None of this is a control you install once. A dependency you vetted last year is a dependency that has shipped forty releases since. Comprehension is a standing practice or it is nothing.
When no one is left to tend it¶
The practices so far assume the thing you embedded keeps shipping. You inventory it, sign it, pin it, and wait for the next release to patch. But a dependency can fail in a way none of that touches: it can simply stop. The maintainer walks away, the project is archived, the company behind it folds or sells and the buyer turns it off. The code still sits in your tree doing its job, until the day a vulnerability lands in it and no fix is ever coming.
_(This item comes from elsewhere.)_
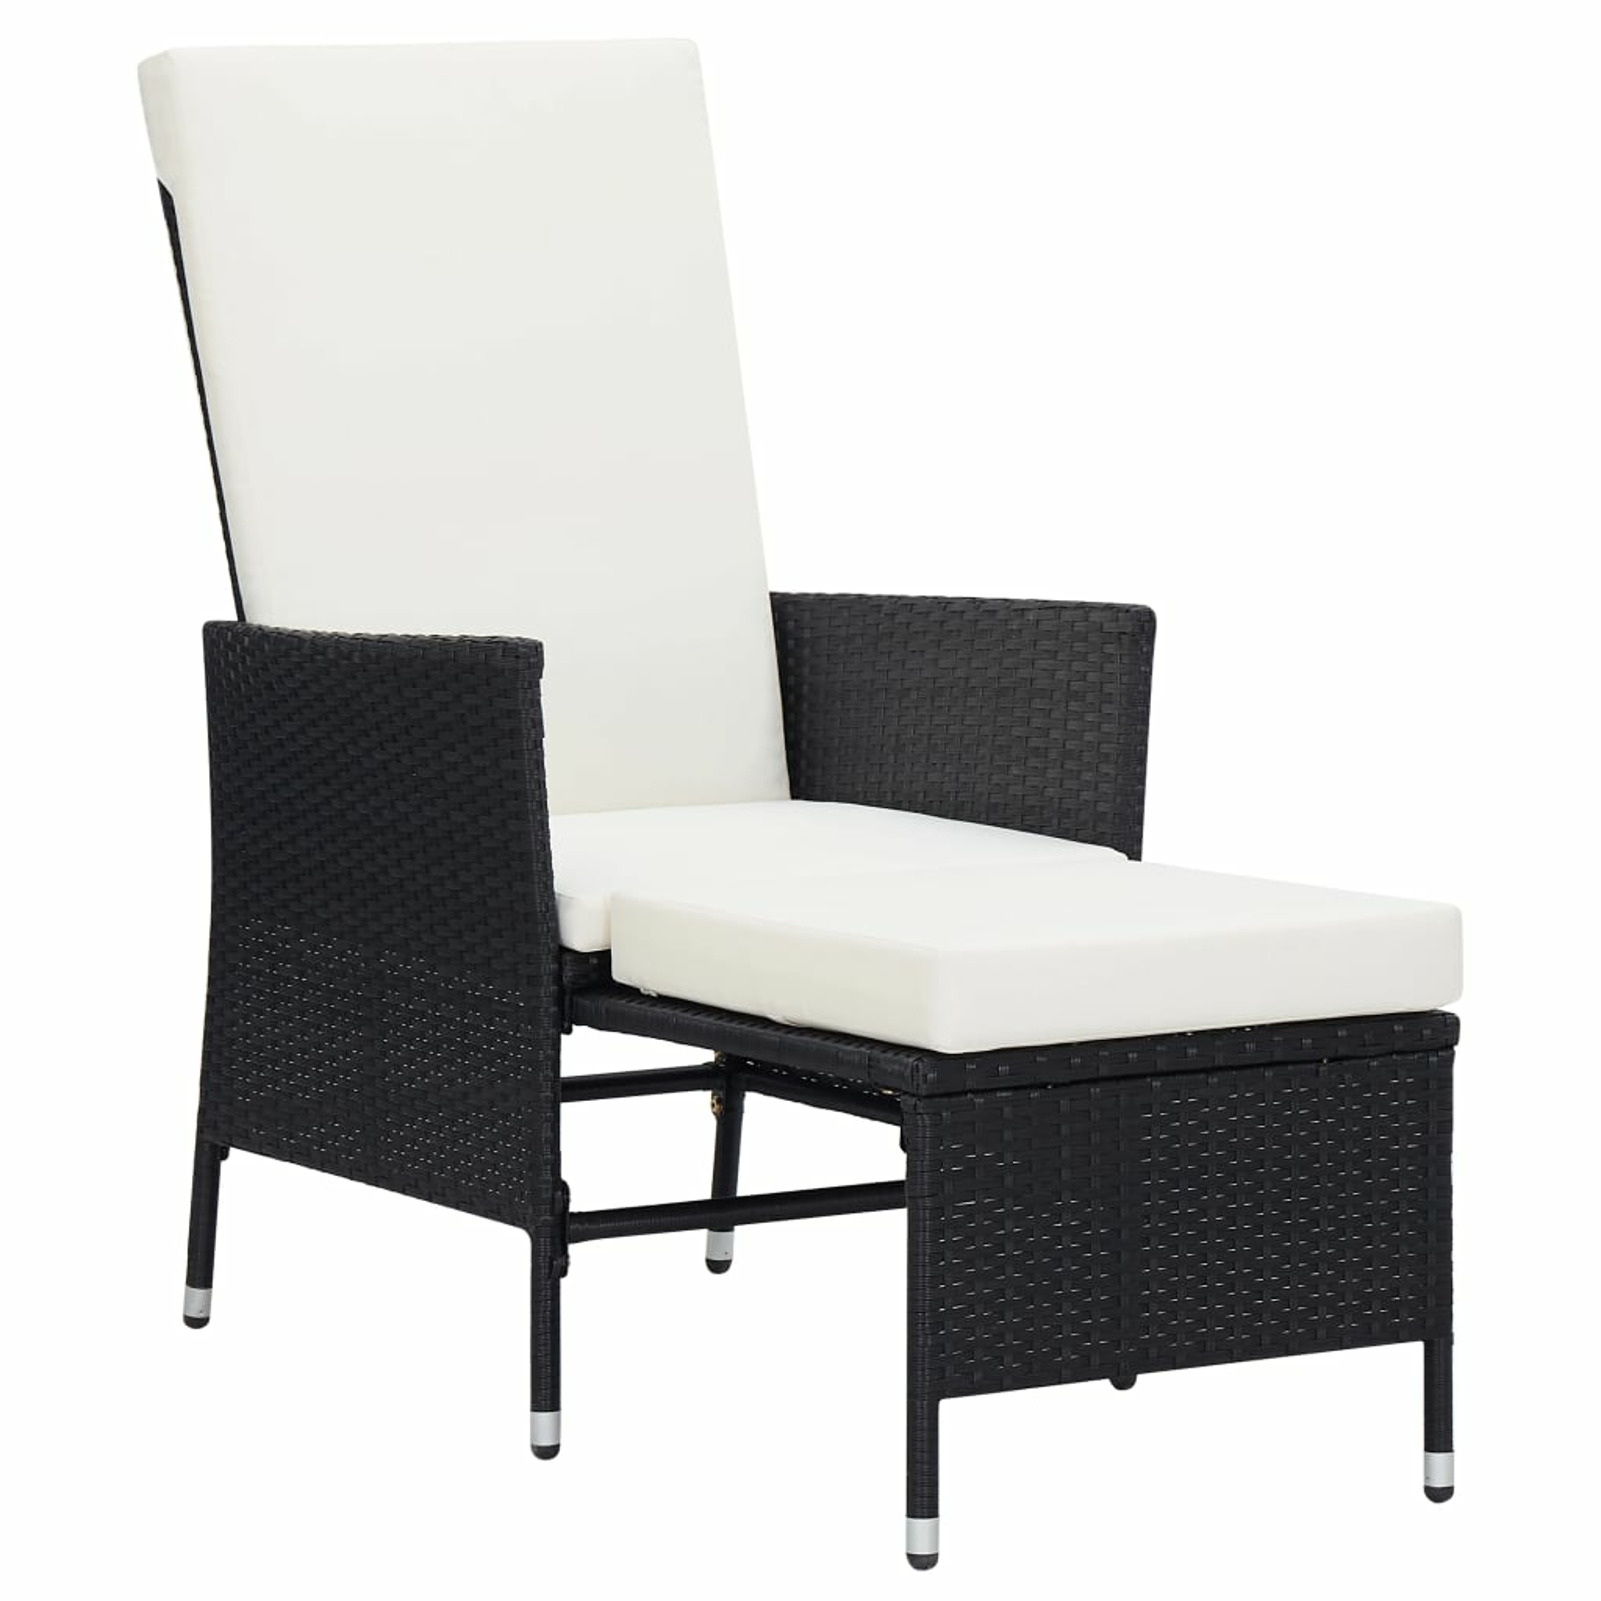 Reclining Patio Chair with Cushions Poly Rattan Black - image 2 of 7

This is a different failure from a breach. A poisoned release is an attack on your trust; an abandoned dependency is the absence of anyone to trust. None of the breach-facing controls reach it. An SBOM tells you that you depend on the orphaned package; it says nothing about keeping it alive. A signature proves the last release was genuine and promises nothing about the next. Against a vendor that no longer exists, an indemnity is a claim on an empty estate.
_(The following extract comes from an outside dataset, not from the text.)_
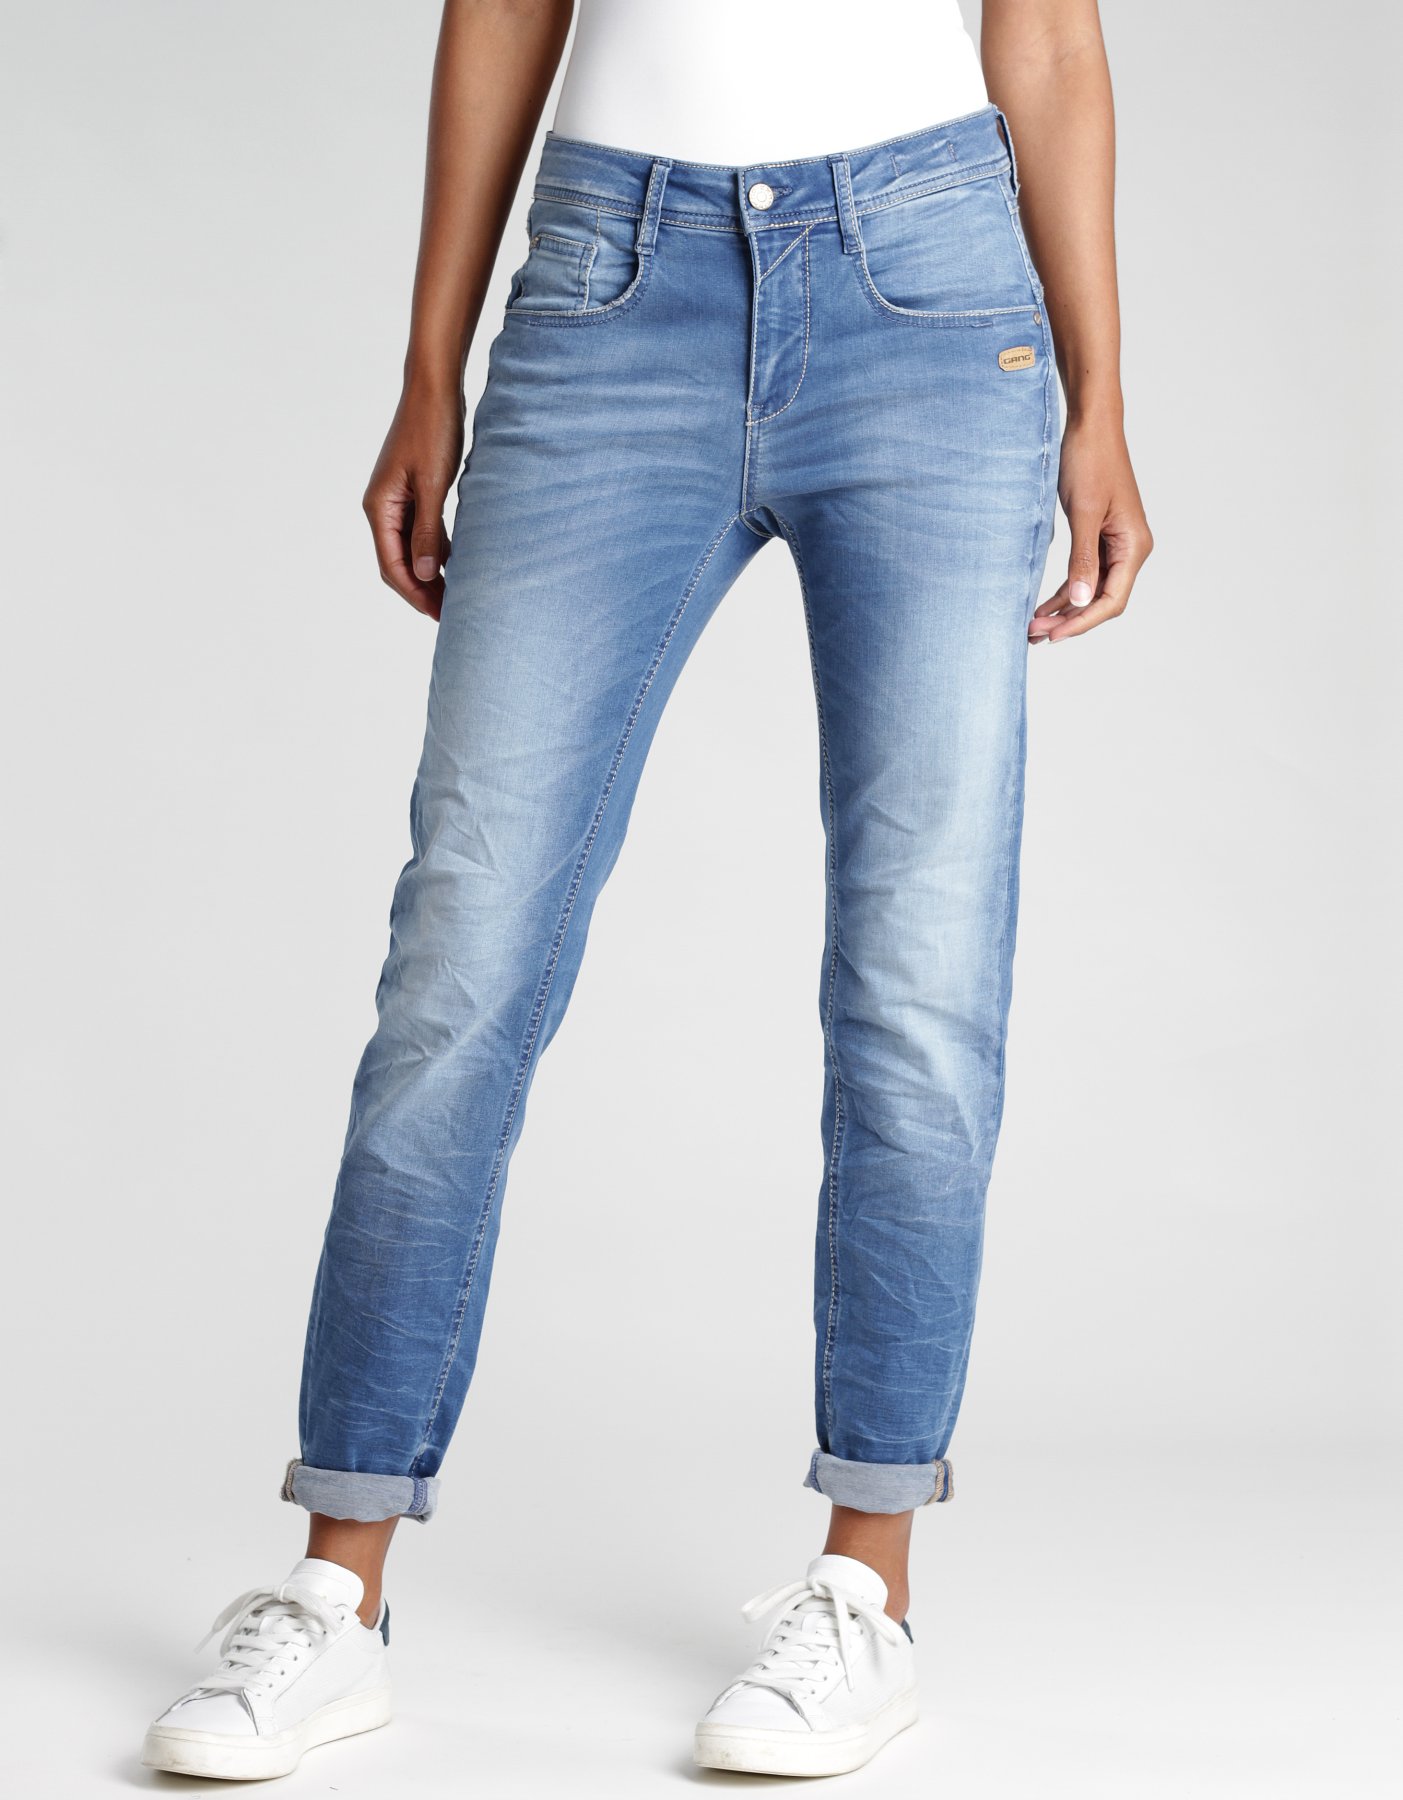 DAMEN | 94AMELIE FIT JEANS GANG VINTAGE TRULY Jeans | Engelheym CROPPED-RELAXED Hosen | DOWN

core-js sits in a large share of the web, downloaded billions of times, and is maintained by one person who has said the money to keep it going has collapsed and that he is ready to walk. Nothing was breached. The risk is that a load-bearing dependency rests on a single human, and the bus factor upstream is one.
With open source you always have the right to fork. What you rarely have is the capacity to maintain what you forked. Forking core-js means owning a polyfill library you did not write and cannot staff. So the real question is your own bus factor on a dependency whose upstream bus factor is one, and you answer it before the abandonment, while there is still time. Vendor the source so you can patch it yourself when no one upstream will. Weigh how alive a project is before you take it on: the release cadence, the number of hands, whether a foundation stands behind it or one tired person does. Funding the maintainer can buy time, but it buys goodwill rather than a control.
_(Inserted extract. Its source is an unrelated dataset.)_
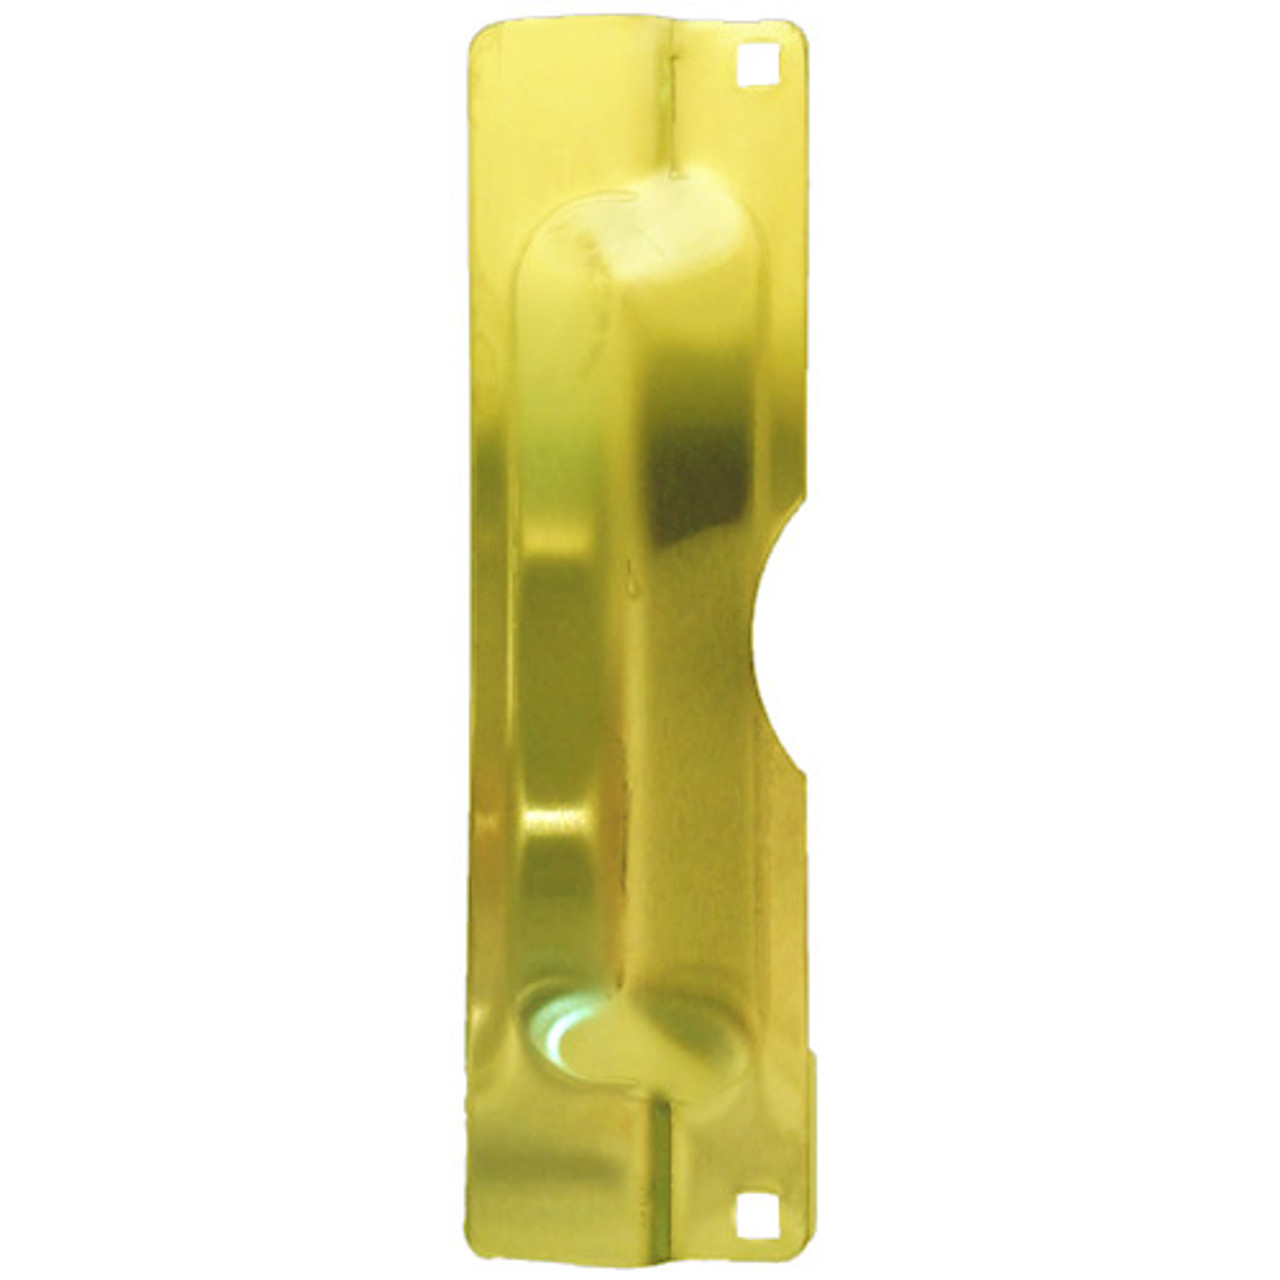 LP-211-EBF-BP Don Jo Latch Protector in Brass Plated Finish

That is the embedded version. A delegated vendor can die the same way, on a deadline or in a bankruptcy, and because that is Third-Party the continuity plan for it is built there.
Containment does not save you from abandonment. This is a continuity problem rather than a blast-radius one, carried by source escrow, the contractual right to fork or self-host, and your own capacity to take the code over, planned before you need it rather than improvised the week the upstream goes quiet.
How tending differs by position¶
The condition is the same everywhere; the way you can sustain it is not. A Craft shop tends Supply Chain with a single well-chosen managed scanner and a short list of vetted dependencies. A Lean enterprise tends it with a platform team, a dependency proxy, and a paved road that makes the secure choice the default choice. The Craft shop that reaches for the Lean enterprise's toolchain will drown in alerts it cannot triage. Match the practice to what your position can actually keep alive.
Where it shows up¶
A weak Supply Chain condition rarely announces itself in Supply Chain. It surfaces at Runtime, as the incident you trace back to a dependency you never inventoried. And it is cultivated, or skipped, in Process: a build pipeline that emits provenance and an SBOM as a byproduct is tending Supply Chain for free.